For more information about read throttles on Kinesis streams, see How do I detect and troubleshoot ReadProvisionedThroughputExceeded exceptions in Kinesis Data Streams?

Lambda function error

In Amazon CloudWatch, review the Lambda functions for the stream where the IteratorAgeMilliseconds count keeps increasing. You can identify the errors that are causing an increase in the IteratorAgeMilliseconds value by reviewing the Errors summary in CloudWatch. Check to see if the timestamp of the Lambda function error matches the time of the IteratorAgeMilliseconds metric increase of your Kinesis data stream. The match in timestamp confirms the cause of the increase.

Note: A Lambda function can throw an error because it is getting retried. The Lambda function gets retried because it doesn't skip the records as a consumer of Kinesis. As these records are retried, the delays in processing are also increased. Your consumer then falls behind the stream, causing the IteratorAgeMilliseconds metric to increase.

Intermittent connection timeout

Your consumer application can experience a connection timeout issue while pulling records from the Kinesis data stream. Intermittent connection timeout errors can cause a significant increase in the IteratorAgeMilliseconds count.

To verify whether the increase is related to a connection timeout, check the GetRecords.Latency and GetRecords.Success metrics. If both metrics are also impacted, then your IteratorAgeMilliseconds count stops increasing after the connection is restored.

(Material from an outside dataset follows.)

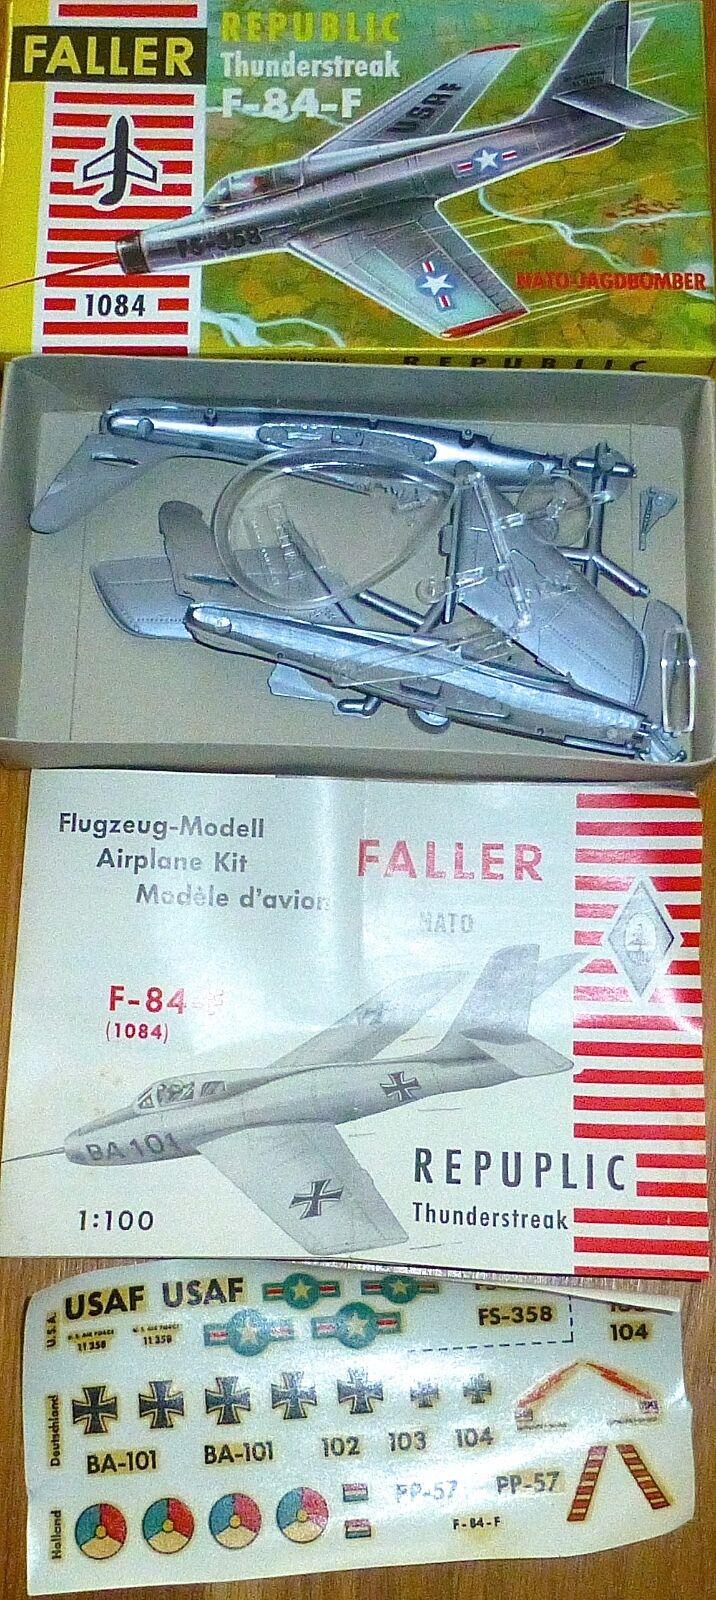 Republic f-84-f Thunderstreak Faller AMS 1084 1:100 KIT ungebaut OVP ke1 Å *
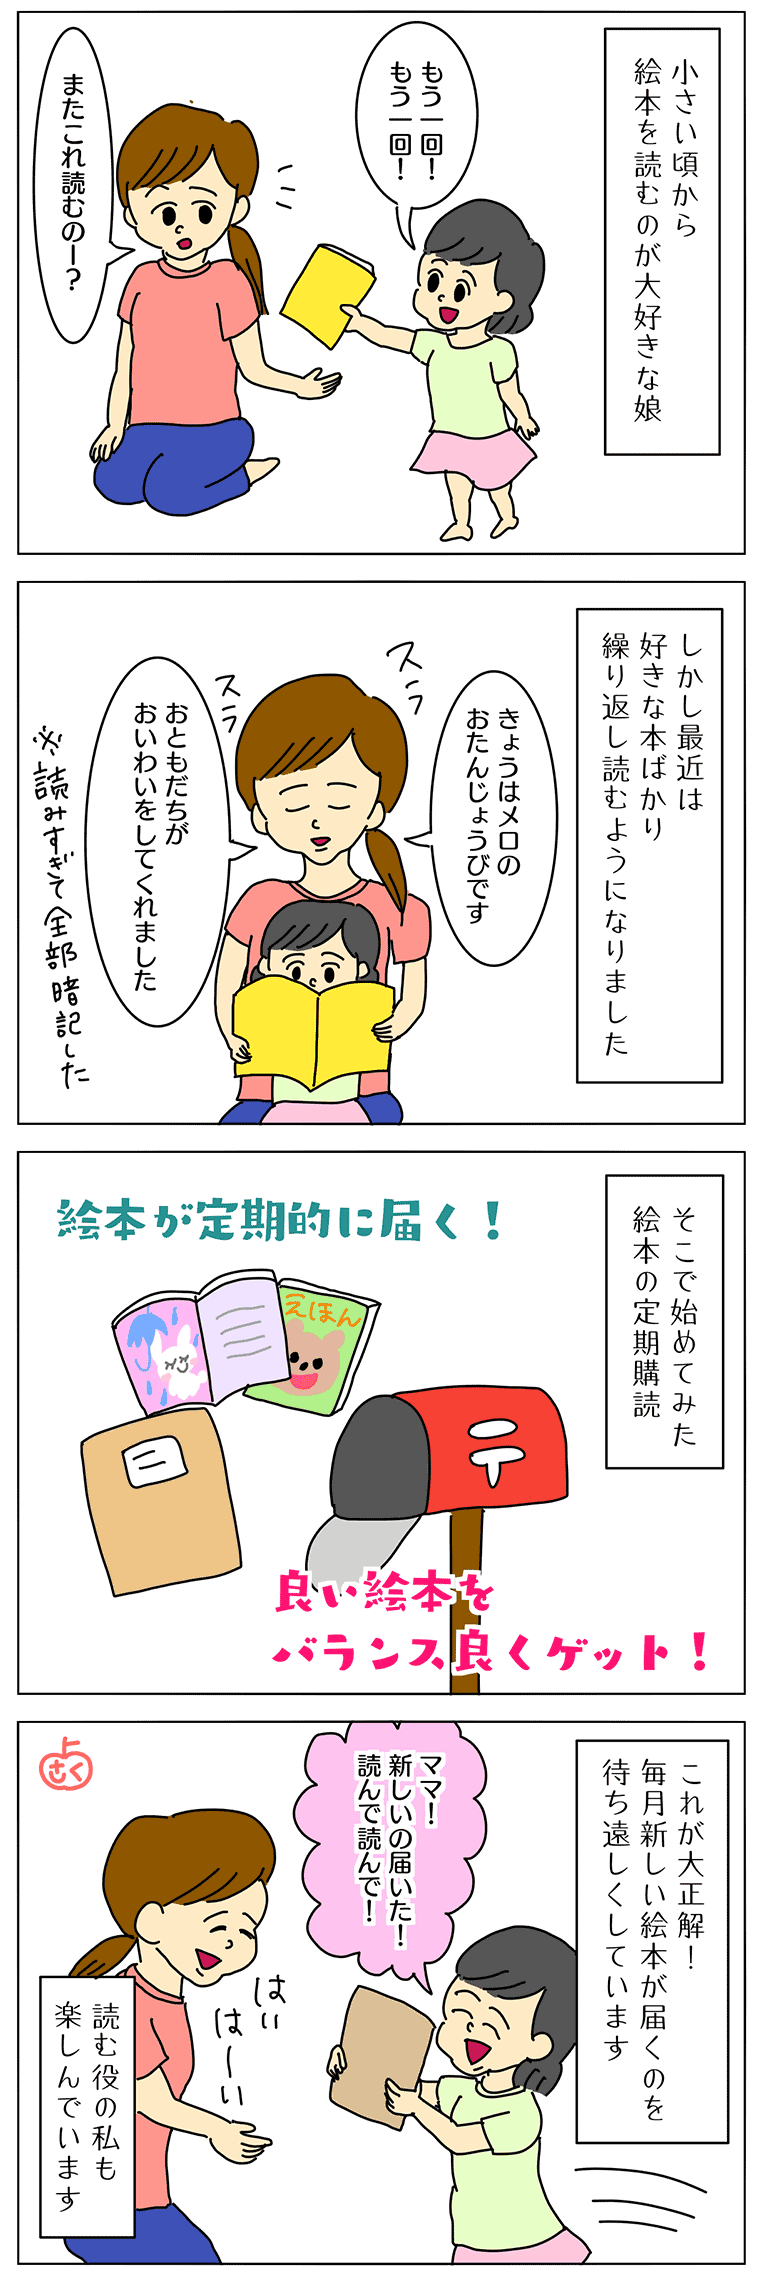 絵本の定期購読の子育て4コマ漫画

Uneven data distribution among shards

Some shards in your Kinesis data stream might receive more records than others because the partition key used in Put operations isn't equally distributing the data across the shards. This uneven data distribution results in fewer parallel GetRecords calls to the Kinesis data stream shards, causing an increase in the IteratorAgeMilliseconds count.

If data is unevenly distributed across the shards in your Kinesis stream, then use random partition keys. Random partition keys allow the customer applications to read records faster.